In [2]:
from selenium import webdriver
from webdriver_manager.chrome import ChromeDriverManager
from bs4 import BeautifulSoup as bs
import os
import re
import pandas as pd
import time

#lower this number if you do not fear getting IP banned and just want to see the results
#or increase it if you want to run this multiple times in a short period
sleep_time = 1

Two prominent sellers of coffee beans in the city of Bern were choosen for this assignment.
The names are Adrianos and Blaser. 

The Coffee shops rarely sell their product on websites of larger retailers (e.g. Migros, Coop, Galaxus).
Their product can be bought locally in one of their stores or online. 

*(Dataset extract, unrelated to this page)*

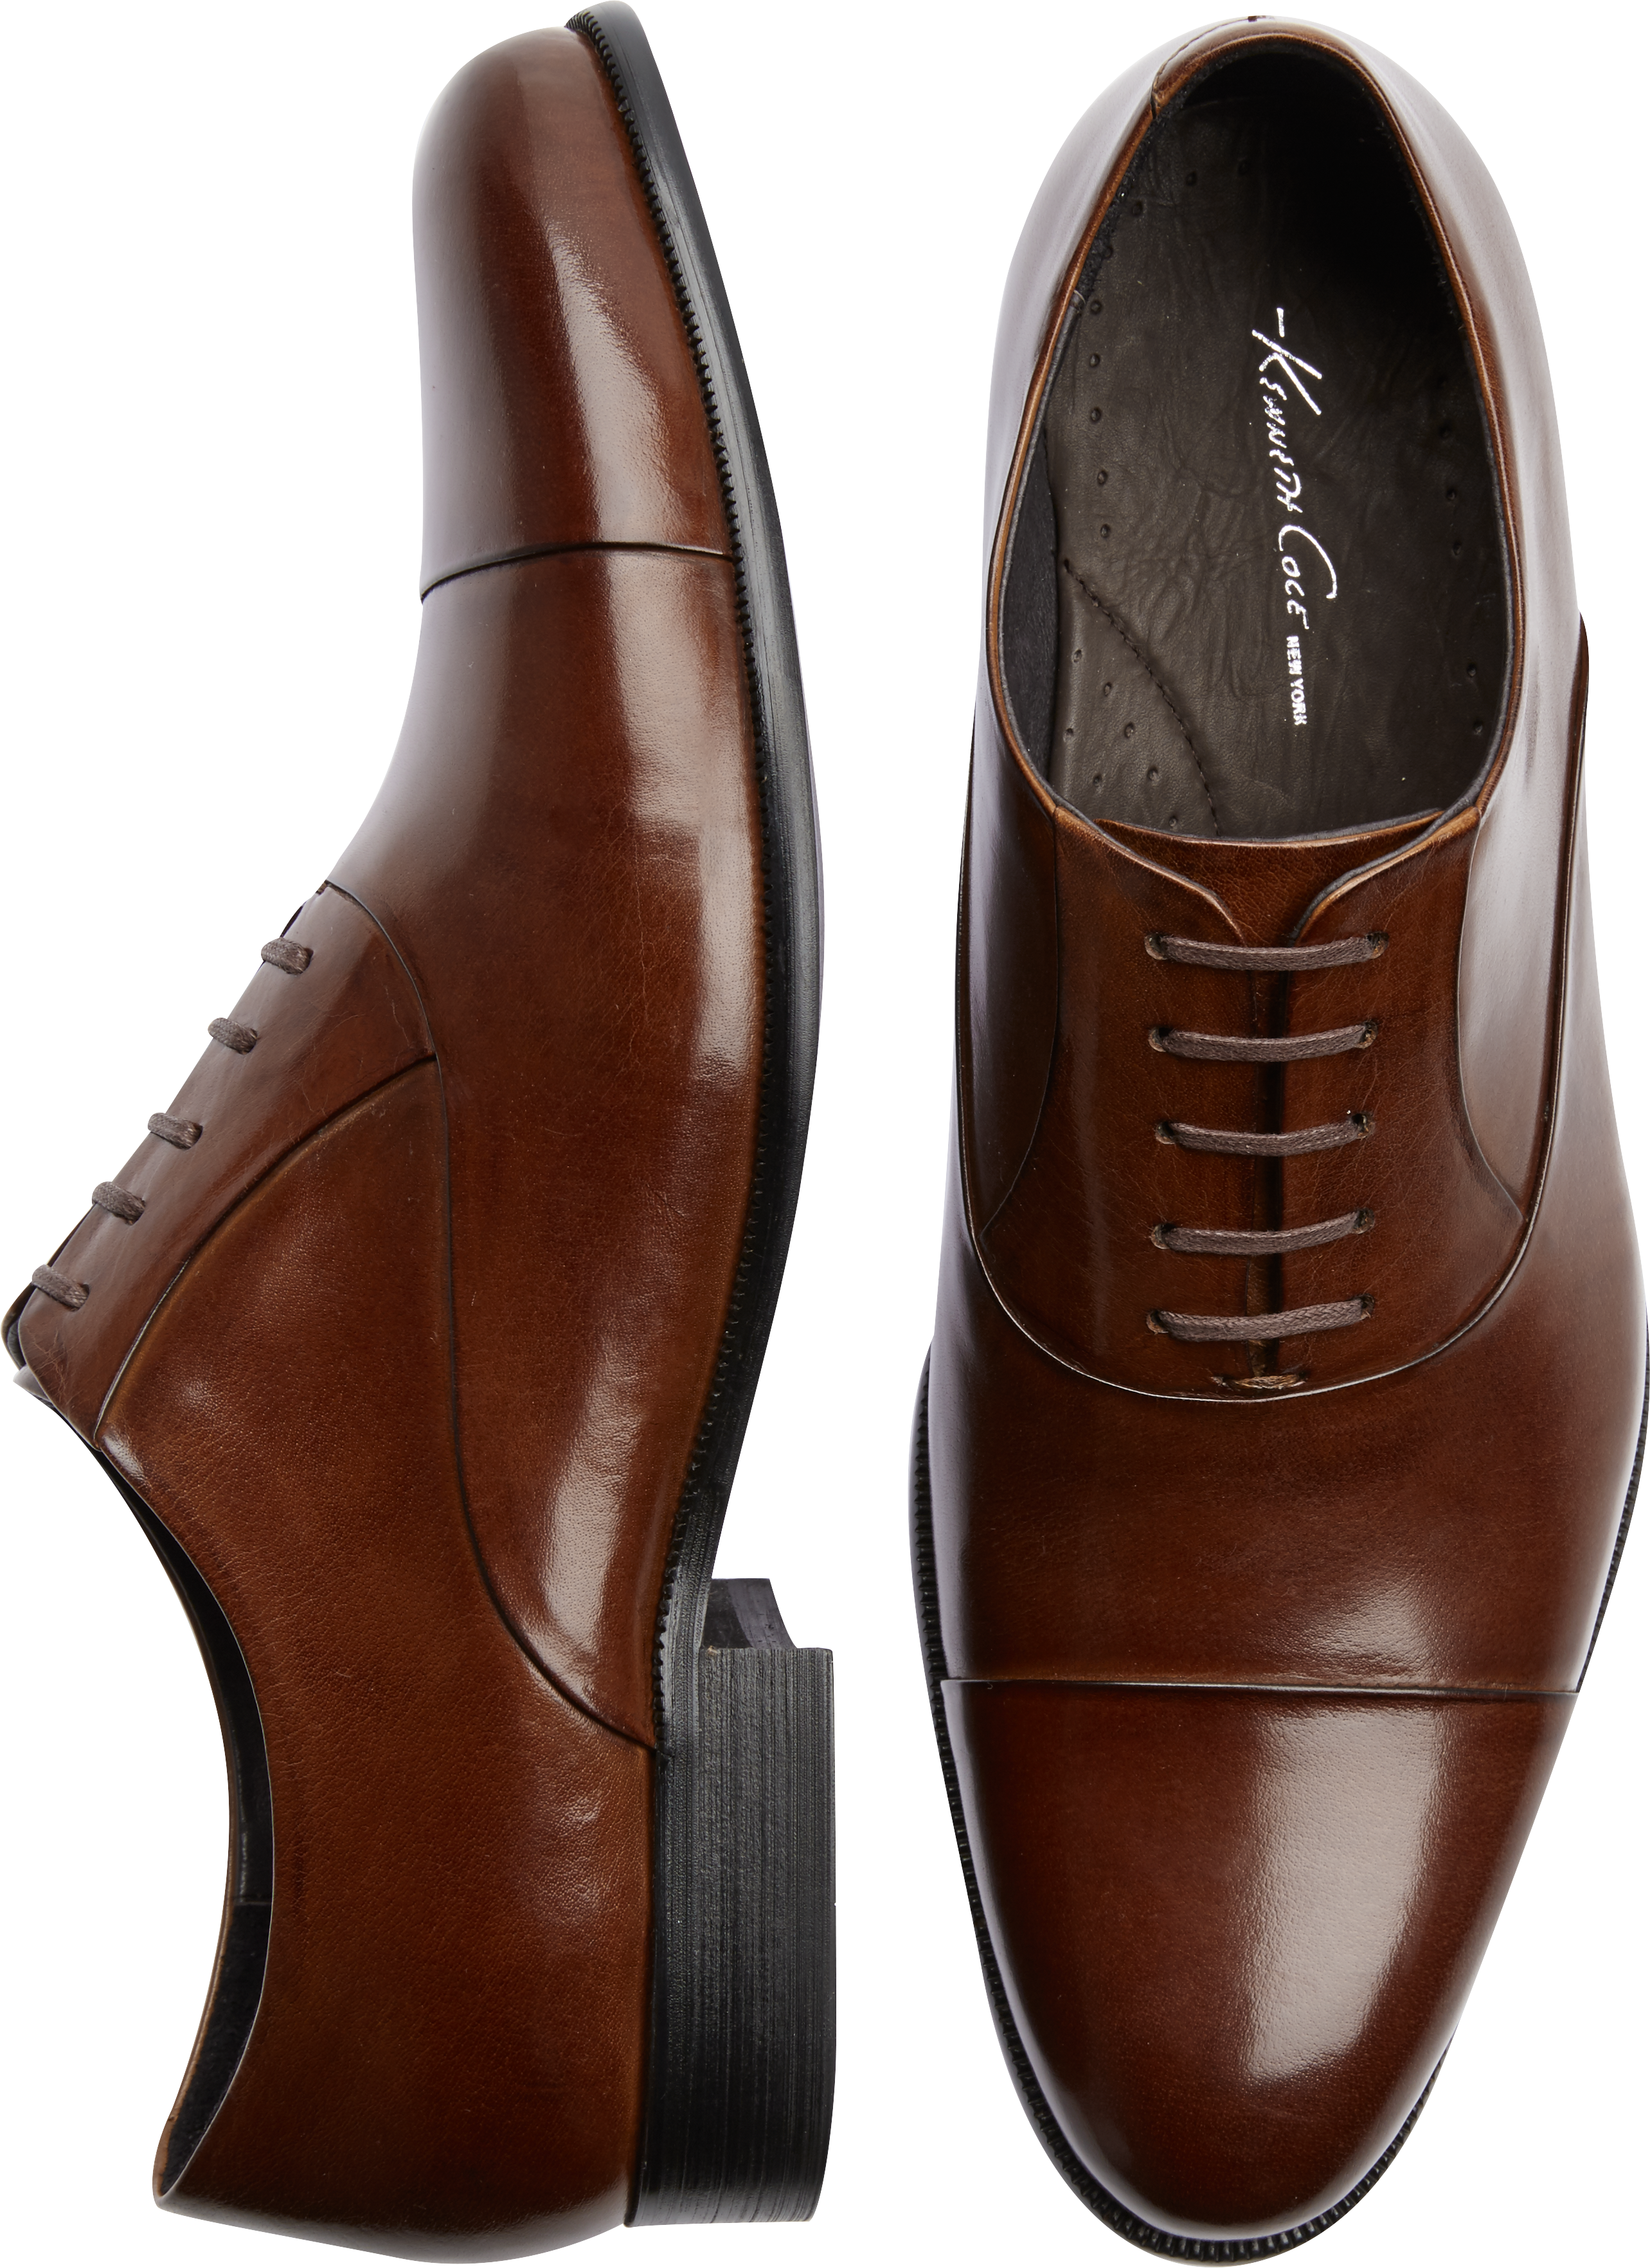 Kenneth Cole Command Chief Cognac Dress Shoe - Men's Dress Shoes | Men ...

I chose these nice products because their products are mainly sold on their websites. Which makes it difficult to compare to other products.



In [3]:
#the following are the two sites which are compared
url_blaser = 'https://www.blasercafe.ch/shop/category/8'
url_adrianos = 'https://adrianos.ch/shop/kaffee/bohnen'

In [4]:

#with this method, chromedriver opens an instance of chromium
#by opening an instance of chromium graphically instead of headless
#it cirumvents some traditional ways websites check for webcrawlers
driver = webdriver.Chrome()
driver.get(url_blaser)

#By waiting a bit, there is a smaller chance of getting blocked 
time.sleep(sleep_time)

In [5]:
#A quick check of some typical products concludes that most of the prices are for 250g packages
#there are some exceptions though: through a manual check, the product "Geschenkset Berner Gourmet" contains 
#a variety of tee and coffee beans. This difference can only be spotted on the product specific page. 
# Because this information is not available from the overview, I chose to ignore this detail.

soup = bs(driver.page_source, 'html.parser')

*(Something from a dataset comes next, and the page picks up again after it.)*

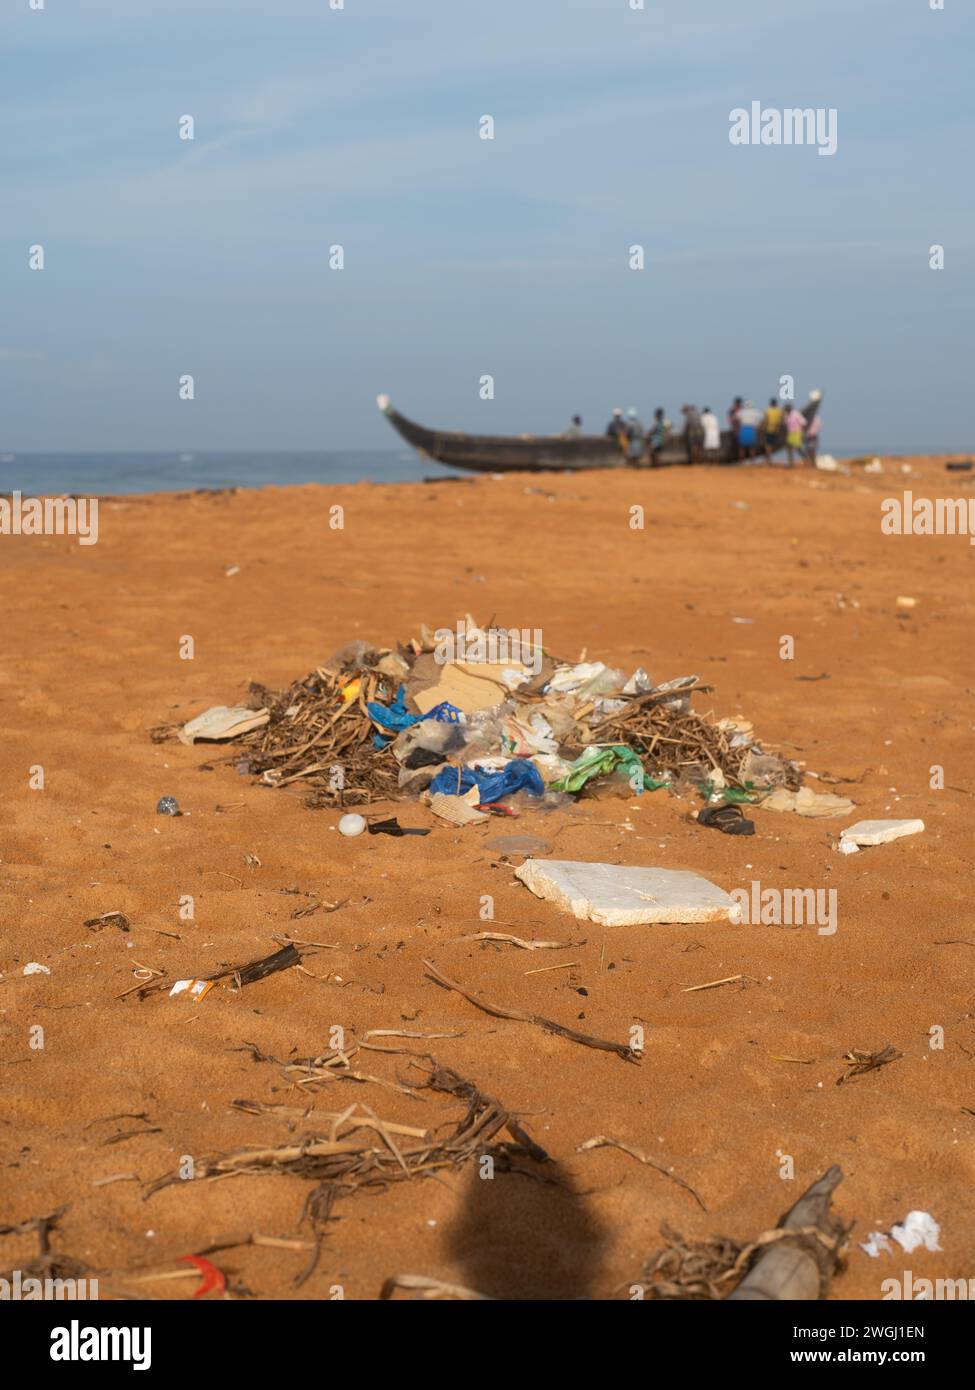 Basura en la playa. Cuestiones ecológicas en el mundo Foto de stock

#saving the html just in case
with open('soup_blaser.txt', 'w', encoding='utf-8') as file:
    file.write(str(soup))

#after checking the html for the first time it is clear that all 
#products start after a div with the class "views-row"
#so all of them are saved into the variable content
content = soup.find_all("div", class_=re.compile("views-row"))

#this list saves all information from the site "blaser" for later
products_blaser = []

for c in content: 
    #sometimes the row does not contian a product. Therefore it is surrounded by a try catch
    try:
        #the name is in another div called "product-teaser-content"
        product = c.find("div", class_=re.compile("product-teaser-content"))

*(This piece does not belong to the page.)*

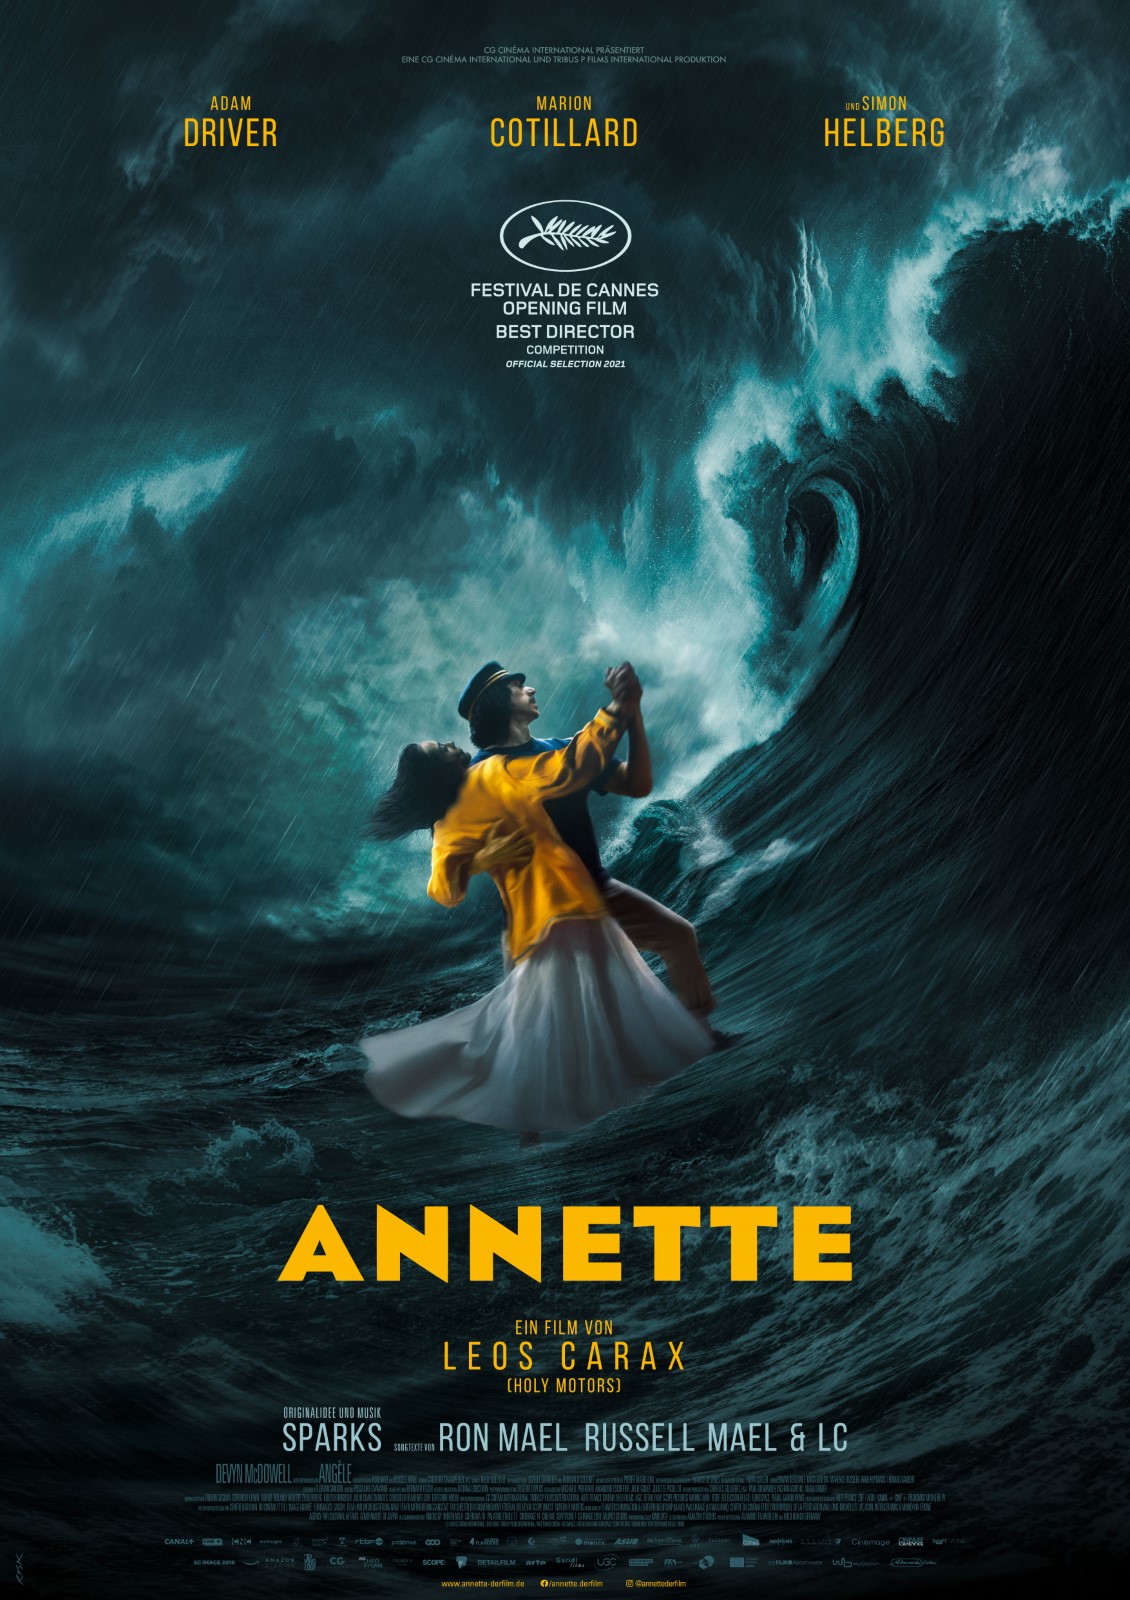 Poster zum Musical Annette zeigt ein tanzendes Paar in einem Sturm auf hoher See

        #the name is then in an span within an a. 
        # By striping the text the name is revealed as shown on the site
        name = product.find("a").find("span").text.strip()
        
        #the name usual contains "Bohnenkaffe" (Coffee beans). This information is unnecessary as only this 
        #type of coffee is viewed on this page
        if name.find("Bohnenkaffee") > -1:
            name = name[:(name.find("Bohnenkaffee"))-1]

        #the price is in another div called "product-teaser-content-wrapper"
        product_wrapper = c.find("div", class_=re.compile("product-teaser-content-wrapper"))

        #the price is then in an span. 
        # By striping the text the price is revealed as shown on the site
        price = product_wrapper.find("span").text.strip()
        
        #the price has some unnecessary information
        price = price[-(len(price)-7):]

        #Adding a dictionary containing the relevant information
        products_blaser.append({'name':name, 'price': price, 'grams':"250", 'product': "blaser", 'site': 'blaser'})
        
        #as a test the latest entry into the list is shown
        print(products_blaser[len(products_blaser)-1])
    
    except Exception as e:
        #this row has no products, so ignore
        continue

{'name': 'Terra Vita Bio Fairtrade', 'price': '6.90', 'grams': '250', 'product': 'blaser', 'site': 'blaser'}
{'name': 'Rösterei Spezial Maya', 'price': '7.90', 'grams': '250', 'product': 'blaser', 'site': 'blaser'}
{'name': 'Coffee for Champions -', 'price': '8.50', 'grams': '250', 'product': 'blaser', 'site': 'blaser'}
{'name': 'Blasercafé Degustations-Box', 'price': '45.–', 'grams': '250', 'product': 'blaser', 'site': 'blaser'}
{'name': 'Marrone', 'price': '6.10', 'grams': '250', 'product': 'blaser', 'site': 'blaser'}
{'name': 'Verde Bio Fairtrade', 'price': '6.70', 'grams': '250', 'product': 'blaser', 'site': 'blaser'}
{'name': 'Purista Fairtrade', 'price': '6.10', 'grams': '250', 'product': 'blaser', 'site': 'blaser'}
{'name': 'Lilla e Rose', 'price': '6.30', 'grams': '250', 'product': 'blaser', 'site': 'blaser'}
{'name': 'Lussuria', 'price': '6.–', 'grams': '250', 'product': 'blaser', 'site': 'blaser'}
{'name': 'Rosso & Nero', 'price': '6.90', 'grams': '250', 'product': 'blaser', 

In [6]:
#in order to prevent the computer endlessly opening new windows
#the current window is closed
driver.close()

In [7]:

#with this method, chromedriver opens an instance of chromium
#by opening an instance of chromium graphically instead of headless
#it cirumvents some traditional ways websites check for webcrawlers
driver = webdriver.Chrome()
driver.get(url_adrianos)

In [8]:
#According to the top of the page all the displayed prices of the adrianos products are for 250g packages
#there are some exceptions though: through a manual check, the product "Kaffeebohnen - Probierset" contains 
#6 different packages of coffee beans each weighing around 125g. This difference can only be spotted on the 
#product specific page. Because this information is not available from the overview, 
# I chose to ignore this detail

soup = bs(driver.page_source, 'html.parser')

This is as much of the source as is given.